TensorFlow (since version 2.0) however can easily switch to so called “eager execution”: in this mode, it behaves the same as Numpy; values are computed instantly and the Python code is not only executed once but every time.

To switch this on or off, the global flag in TensorFlow tf.config.run_functions_eagerly(True) or the enviroment variable “PHASESPACE_EAGER” (which switches this flag) can be used.

Random numbers

The random number generation inside phasespace is transparent in order to allow for deterministic behavior if desired. A function that uses random number generation inside always takes a seed (or rng) argument. The behavior is as follows

  • if no seed is given, the global random number generator of TensorFlow will be used. Setting this instance explicitly or by setting the seed via tf.random.set_seed allows for a deterministic execution of a whole _script_.

  • if the seed is a number it will be used to create a random number generator from this. Using the same seed again will result in the same output.

  • if the seed is an instance of tf.random.Generator, this instance will directly be used and advances an undefined number of steps.

phasespace package

phasespace.phasespace module

Implementation of the Raubold and Lynch method to generate n-body events.

The code is based on the GENBOD function (W515 from CERNLIB), documented in:

  1. James, Monte Carlo Phase Space, CERN 68-15 (1968)

class phasespace.phasespace.GenParticle(name: str, mass: Union[Callable, int, float])[source]

Bases: object

Representation of a particle.

Instances of this class can be combined with each other to build decay chains, which can then be used to generate phase space events through the generate or generate_tensor method.

A GenParticle must have
  • a name, which is ensured not to clash with any others in

    the decay chain.

  • a mass, which can be either a number or a function to generate it according to

    a certain distribution. The returned ~`tf.Tensor` needs to have shape (nevents,). In this case, the particle is not considered as having a fixed mass and the has_fixed_mass method will return False.

It may also have:

  • Children, ie, decay products, which are also GenParticle instances.

Parameters
  • name (str) – Name of the particle.

  • mass (float, Tensor`, callable) – Mass of the particle. If it’s a float, it get converted to a tf.constant.

generate(n_events: Union[int, tensorflow.python.framework.ops.Tensor, tensorflow.python.ops.variables.Variable], boost_to: Optional[tensorflow.python.framework.ops.Tensor] = None, normalize_weights: bool = True, seed: Optional[Union[int, tensorflow.python.ops.stateful_random_ops.Generator]] = None)Tuple[tensorflow.python.framework.ops.Tensor, Dict[str, tensorflow.python.framework.ops.Tensor]][source]

Generate normalized n-body phase space as tensorflow tensors.

Any TensorFlow tensor can always be converted to a numpy array with the method numpy().

Events are generated in the rest frame of the particle, unless boost_to is given.

Note

In this method, the event weights are returned normalized to their maximum.

Parameters
  • n_events (int) – Number of events to generate.

  • boost_to (optional) – Momentum vector of shape (x, 4), where x is optional, to where the resulting events will be boosted.
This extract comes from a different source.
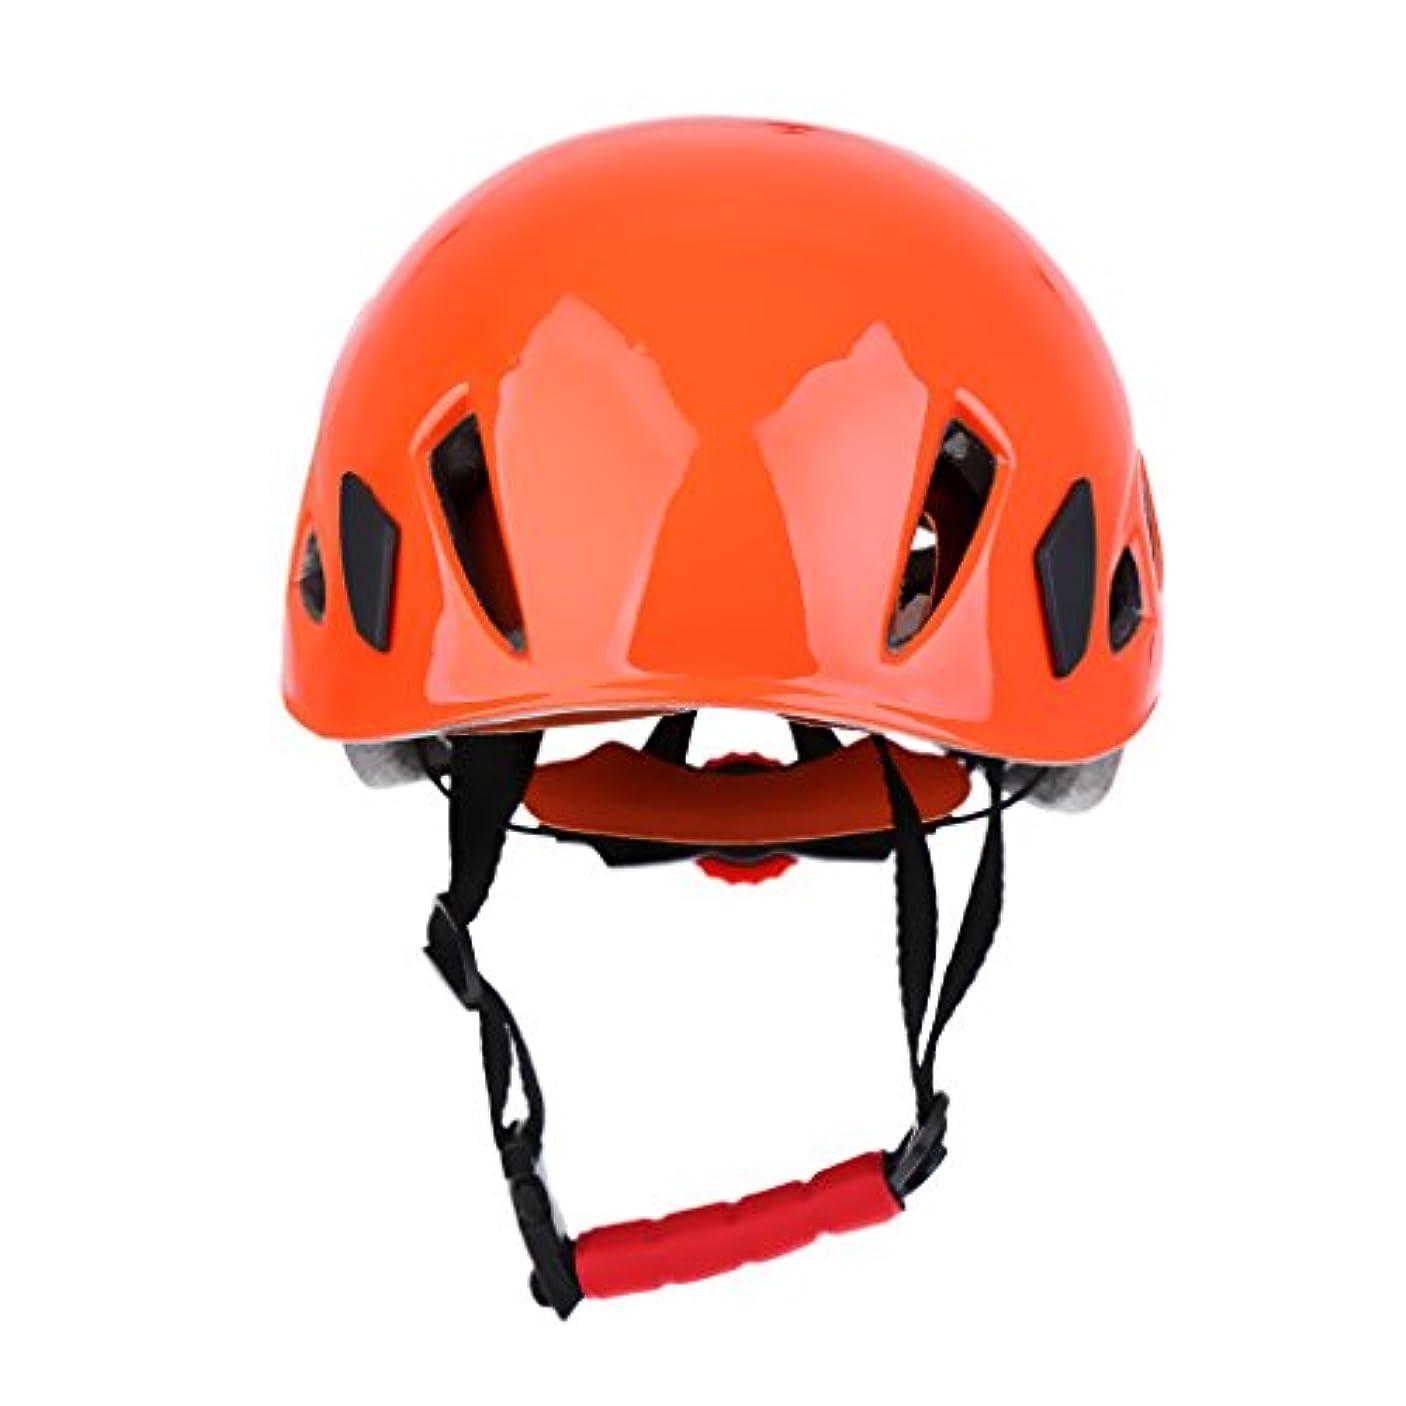 バーストサイドボードデコレーションBaosity 全4色 保護ヘルメット ヘッドプロテクター 屋外 空中作業 安全ギア 通気性 クライミング

If not specified, events are generated in the rest frame of the particle.

  • normalize_weights (bool, optional) – Normalize the event weight to its max?

  • seed (SeedLike) – The seed can be a number or a tf.random.Generator that are used as a seed to create a random number generator inside the function or directly as the random number generator instance, respectively.

Returns

Result of the generation, which varies with the value of normalize_weights:

  • If True, the tuple elements are the normalized event weights as a tensor of shape (n_events, ), and the momenta generated particles as a dictionary of tensors of shape (4, n_events) with particle names as keys.

  • If False, the tuple weights are the unnormalized event weights as a tensor of shape (n_events, ), the maximum per-event weights as a tensor of shape (n_events, ) and the momenta generated particles as a dictionary of tensors of shape (4, n_events) with particle names as keys.

Return type

tuple

Raises
  • tf.errors.InvalidArgumentError – If the the decay is kinematically forbidden.

  • ValueError – If n_events and the size of boost_to don’t match.

  • See GenParticle.generate_unnormalized.

generate_tensor(n_events: int, boost_to=None, normalize_weights: bool = True)[source]

Generate normalized n-body phase space as numpy arrays.

Events are generated in the rest frame of the particle, unless boost_to is given.

Note

In this method, the event weights are returned normalized to their maximum.

Parameters
  • n_events (int) – Number of events to generate.

  • boost_to (optional) – Momentum vector of shape (x, 4), where x is optional, to where the resulting events will be boosted. If not specified, events are generated in the rest frame of the particle.

  • normalize_weights (bool, optional) – Normalize the event weight to its max

Returns

Result of the generation, which varies with the value of normalize_weights:

  • If True, the tuple elements are the normalized event weights as an array of shape (n_events, ), and the momenta generated particles as a dictionary of arrays of shape (4, n_events) with particle names as keys.

  • If False, the tuple weights are the unnormalized event weights as an array of shape (n_events, ), the maximum per-event weights as an array of shape (n_events, ) and the momenta generated particles as a dictionary of arrays of shape (4, n_events) with particle names as keys.

Return type

tuple

Raises
  • tf.errors.InvalidArgumentError – If the the decay is kinematically forbidden.

  • ValueError – If n_events and the size of boost_to don’t match.

  • See GenParticle.generate_unnormalized.

get_mass(min_mass: tensorflow.python.framework.ops.Tensor = None, max_mass: tensorflow.python.framework.ops.Tensor = None, n_events: Union[tensorflow.python.framework.ops.Tensor, tensorflow.python.ops.variables.Variable] = None, seed: Optional[Union[int, tensorflow.python.ops.stateful_random_ops.Generator]] = None)tensorflow.python.framework.ops.Tensor[source]

Get the particle mass.

If the particle is resonant, the mass function will be called with the min_mass, max_mass, n_events and optionally a seed parameter.

Parameters
  • min_mass (tensor) – Lower mass range. Defaults to None, which is only valid in the case of fixed mass.

  • max_mass (tensor) – Upper mass range. Defaults to None, which is only valid in the case of fixed mass.

  • () (n_events) – Number of events to produce. Has to be specified if the particle is resonant.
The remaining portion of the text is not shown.